◆ **EXERCISE**
Print the lines below from the line with "Mason Natural, Apple Cider Vinegar packaging" to the line with "Wild slow loris" exactly, keeping both ends, and print no pictures.

◆ **RECORDS FOR THIS TASK**

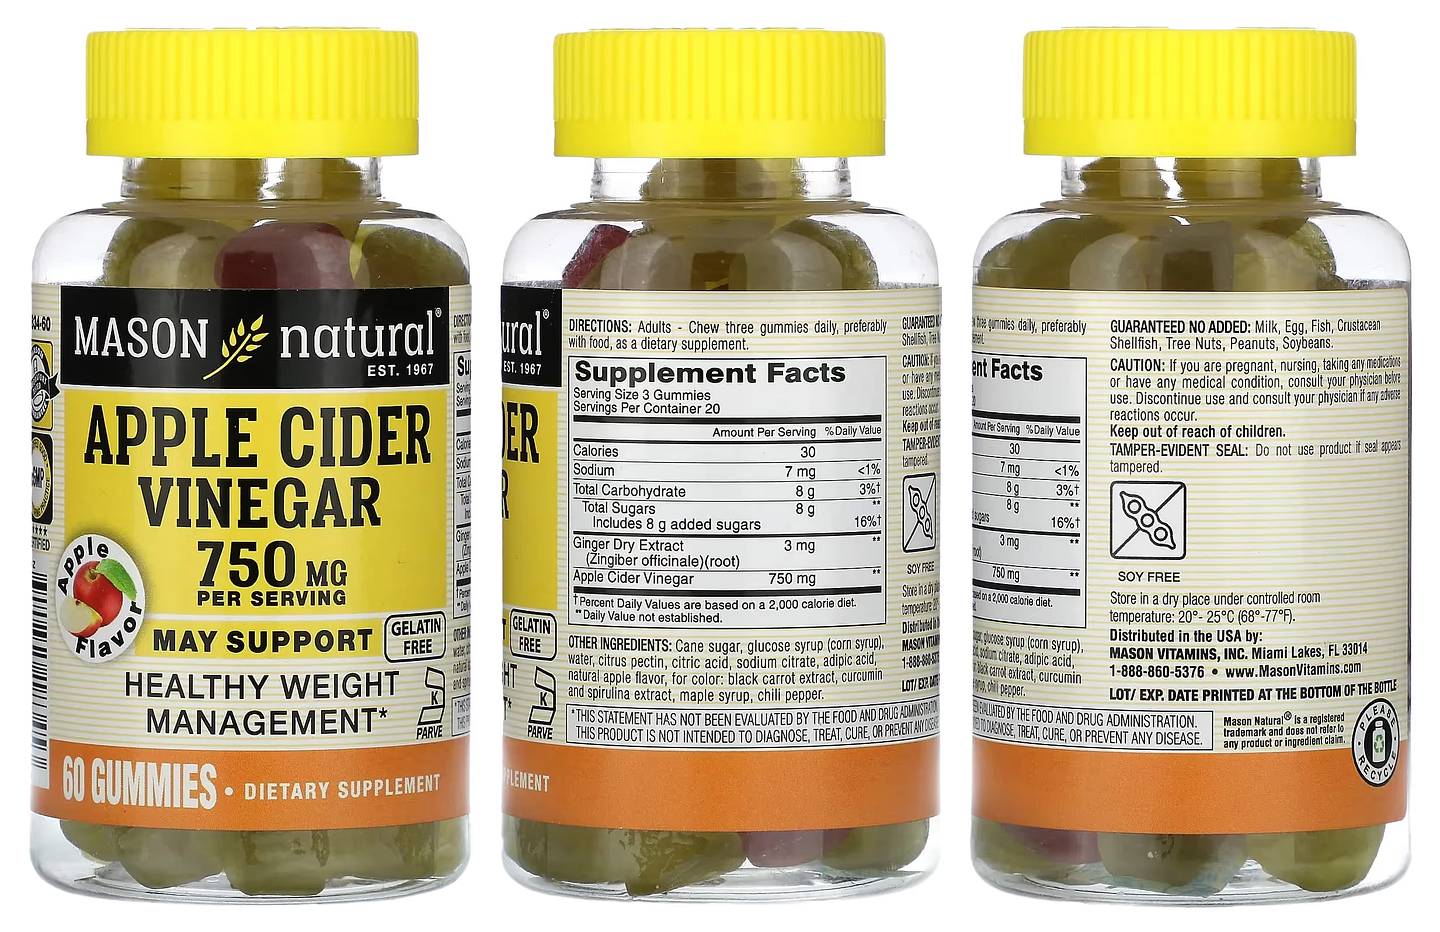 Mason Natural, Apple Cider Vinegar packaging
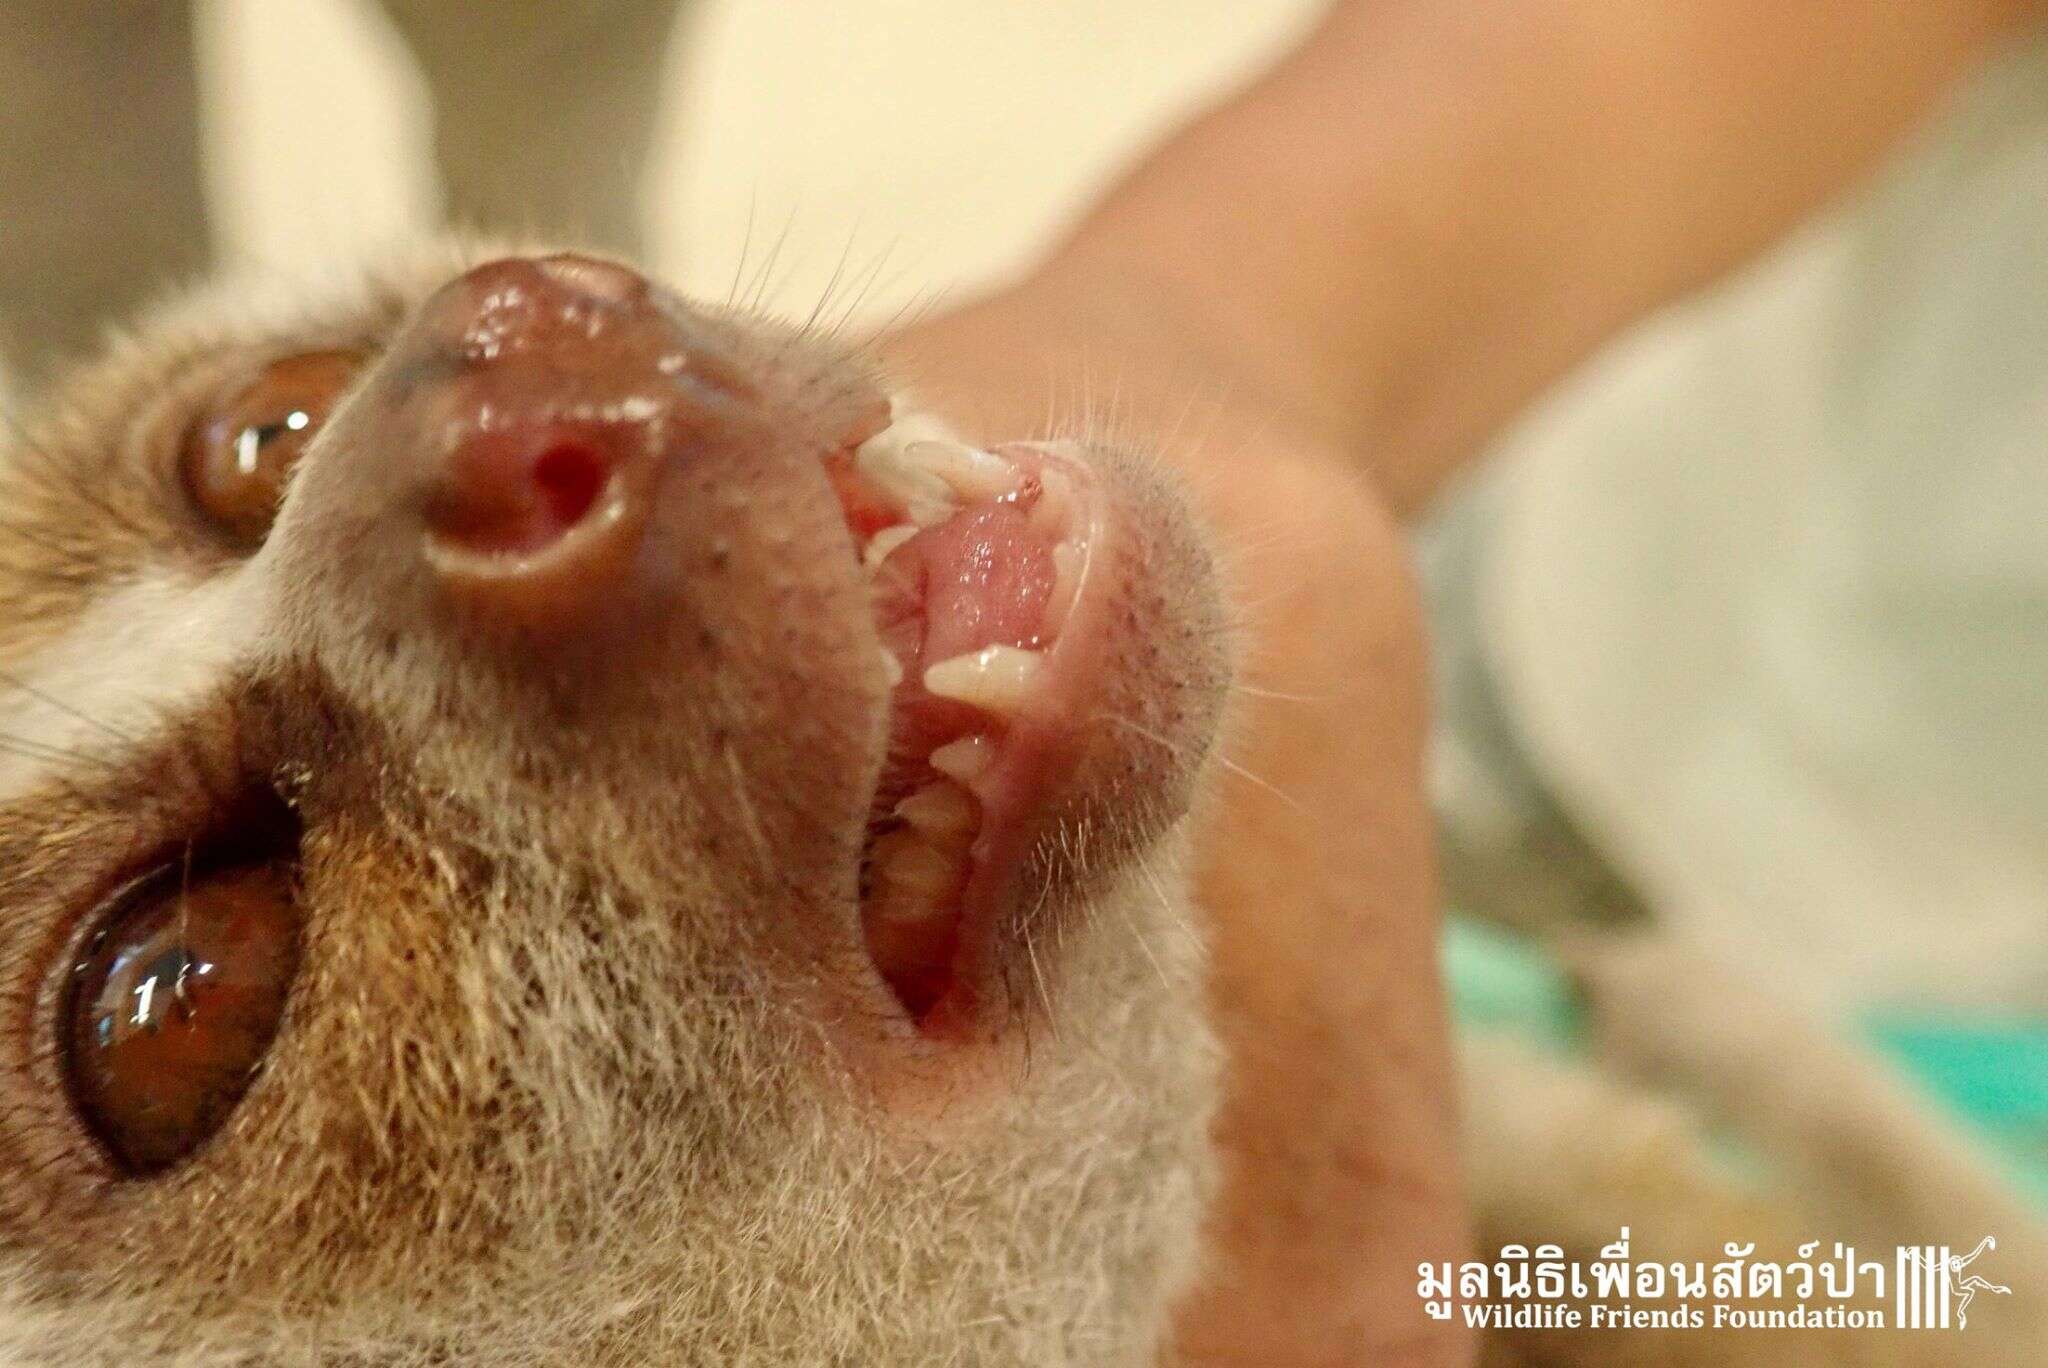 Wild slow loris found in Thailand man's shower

* * *

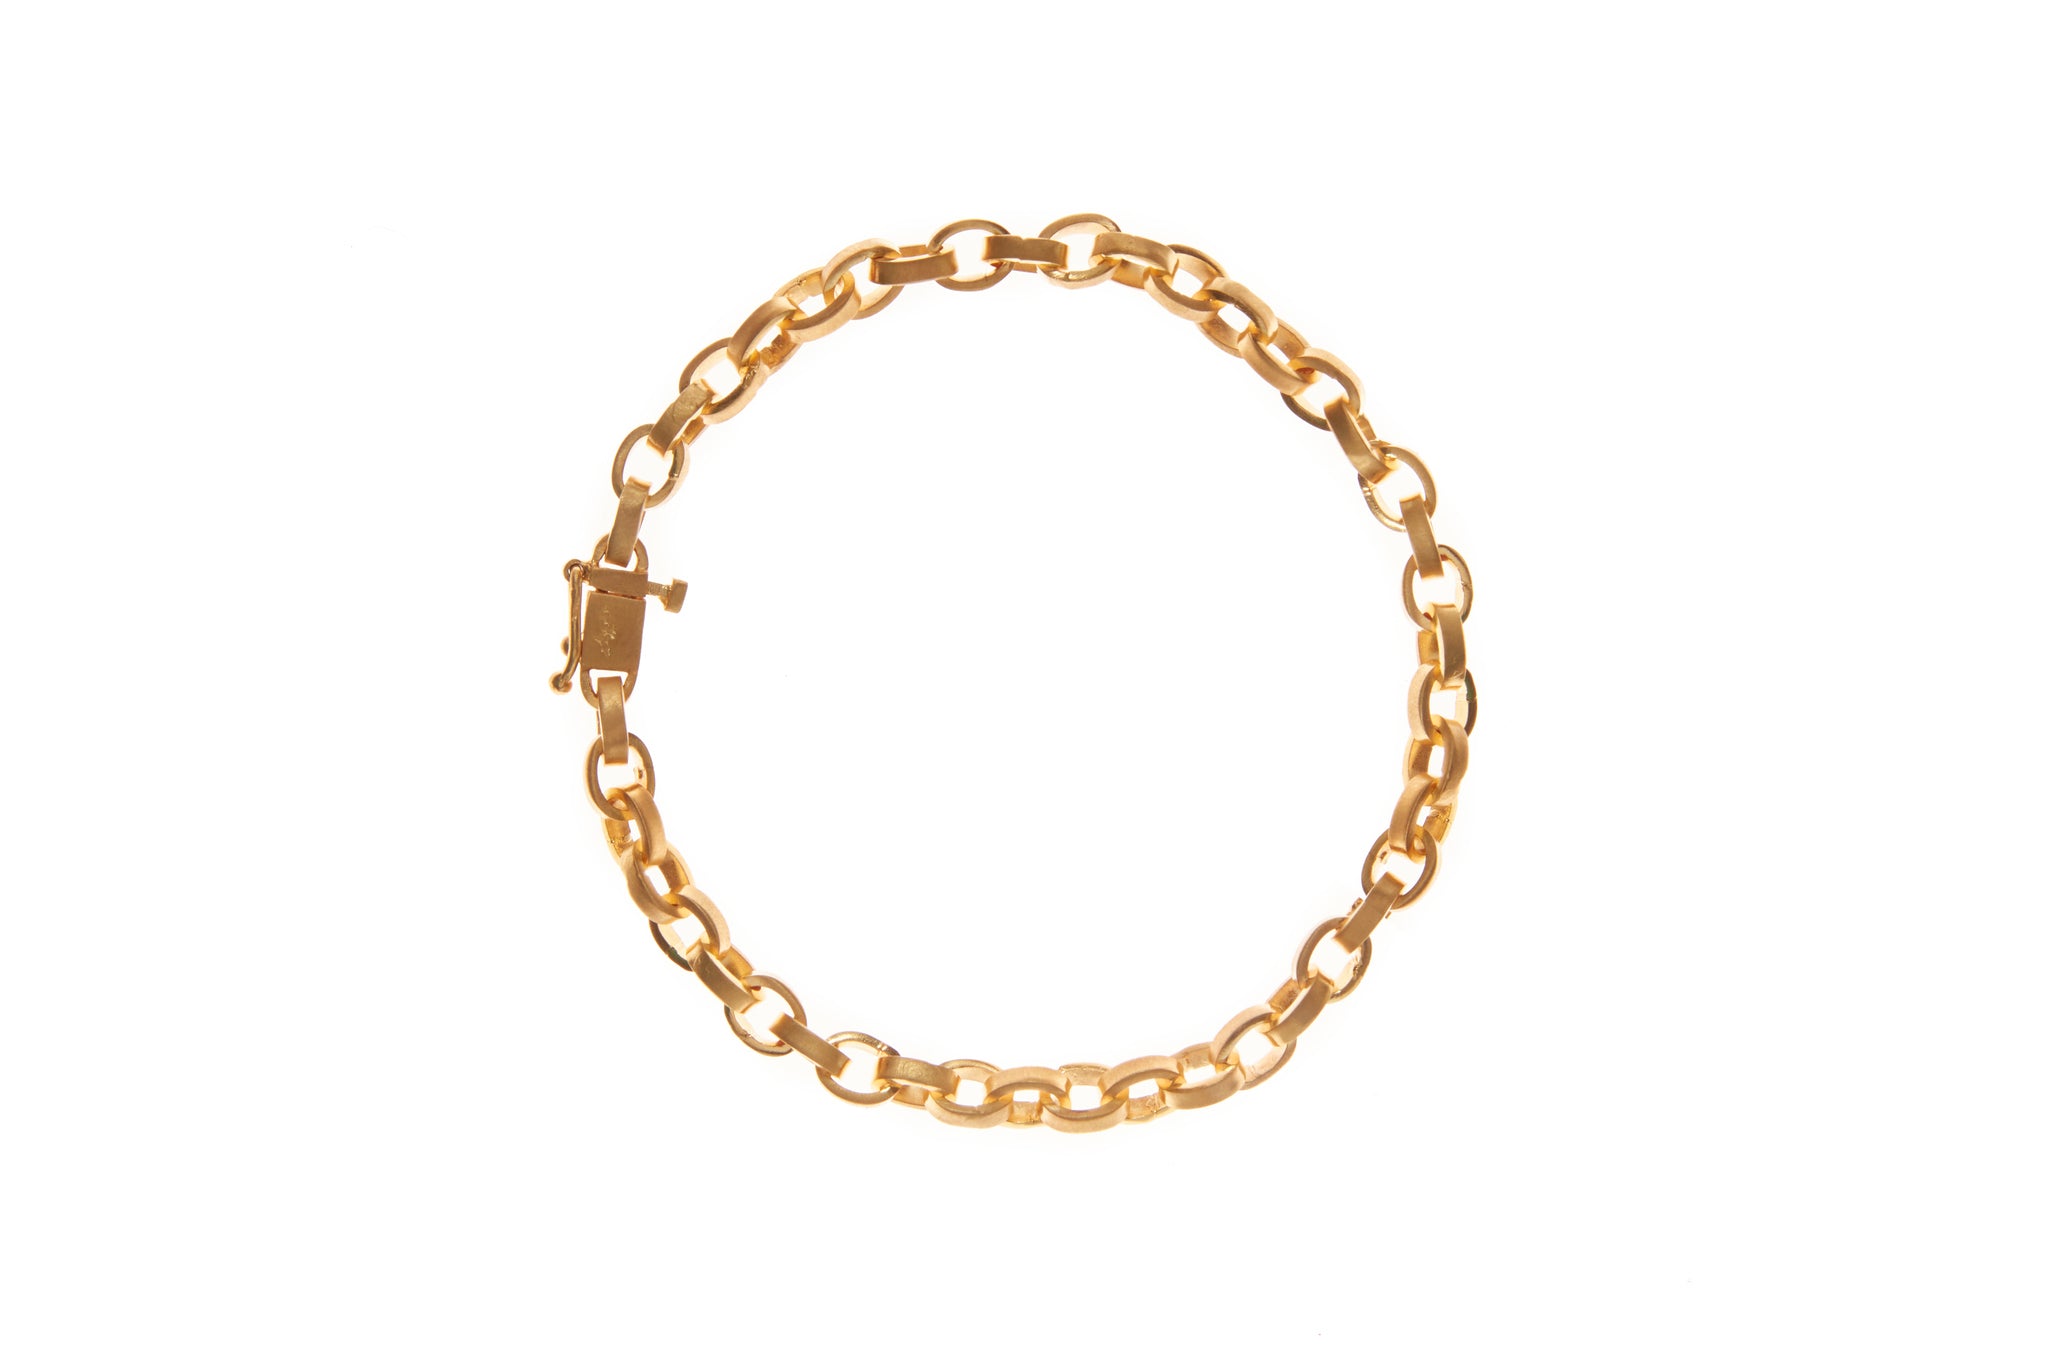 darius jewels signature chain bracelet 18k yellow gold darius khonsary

◆ **RESPONSE TO THE TASK**
 Mason Natural, Apple Cider Vinegar packaging
 Wild slow loris found in Thailand man's shower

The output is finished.